まあ魔族は魂ありますけどね、獣によって人に仇なす物として作り替えられた者達です」

そんな、そんな存在がこの街にこの国に入り込んでいたなんて。
既に聖女は大勢を呪ってしまっている
それに相当な地位まで獲得してしまっている。

「こうなるまでに気付けないのでしょうか」
「僕も獣の動向には気をつけているんですがね。そもそも尻尾が掴みにくいうえに、僕の存在がどうもバレているらしく僕が調べ出したと悟られると手酷い妨害を受けて殺されかけるし、挙句逃げられてしまう。きっちり大勢の被害者を出してね。
だから迂闊に近づけないでいるんですよ」
「それで街ではなくここで話し合う事にされたのですわね」
「そう言う事です。

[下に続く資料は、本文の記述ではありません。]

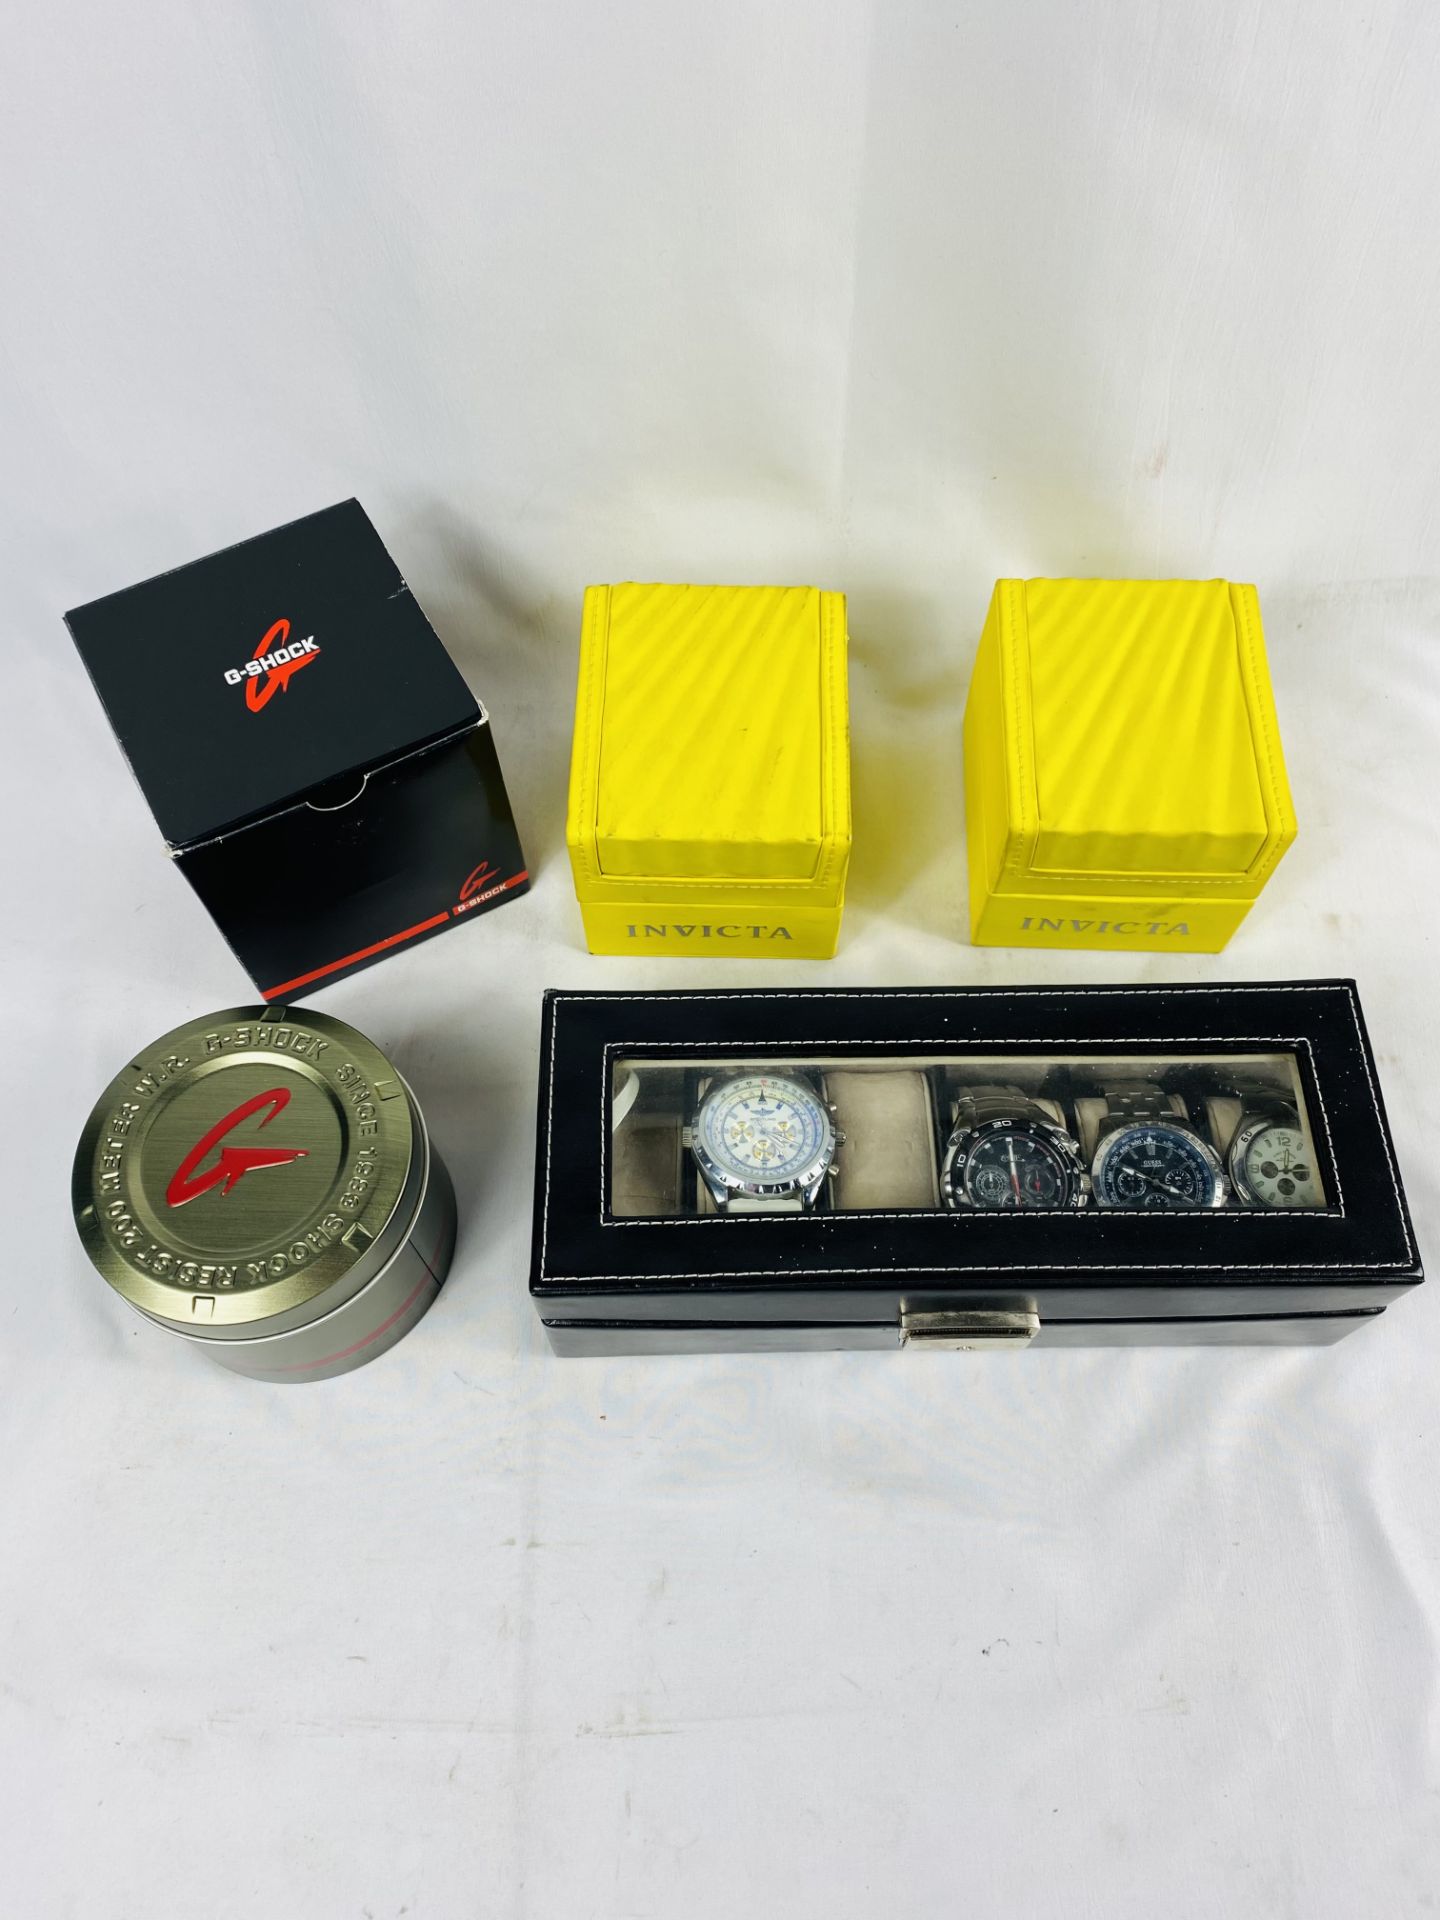 Casio G Shock watch together with six other watches - Image 6 of 6

僕は街には入れませんし、僕の動きを悟らせないようにする必要がありますが、今は聖女も迂闊に動けない立場でしょうからこちらとしては都合がいいです。
スズナ様には聖女をこの街に確実に止めとくようにお願いします。その間僕は王都に戻り聖女が巡礼を行った各地の状況を探って聖女討伐に足る証拠をまとめます。
討伐時期は聖女がこの街を出て王都に移動するときにしましょう」
「討伐はできますの?」
「正直僕1人では厳しいと思いますが当てはあります。それもこの国ににいるはずなので討伐までには探しておきますよ」
「私の方でも1人対抗できそうなものが居ますがどうしましょうか」
「それは頼もしいです、連携できそうならやりましょう。詳細は僕の調査が終わった後で」
「わかりましたわ、よろしくお願いします」
「獣を放置すれば大変な被害になりますからここできっちり討伐できるよう頑張りましょう」

目的が聖女討伐に完全に定まった。
タイガのほうは順調かしら。
魔族と同じ存在と聞けば確実に手伝ってくれるでしょうね。
彼は強くなったと言っていた。
今度は確実にこの街を、この国を守ってくれる事を祈ろう。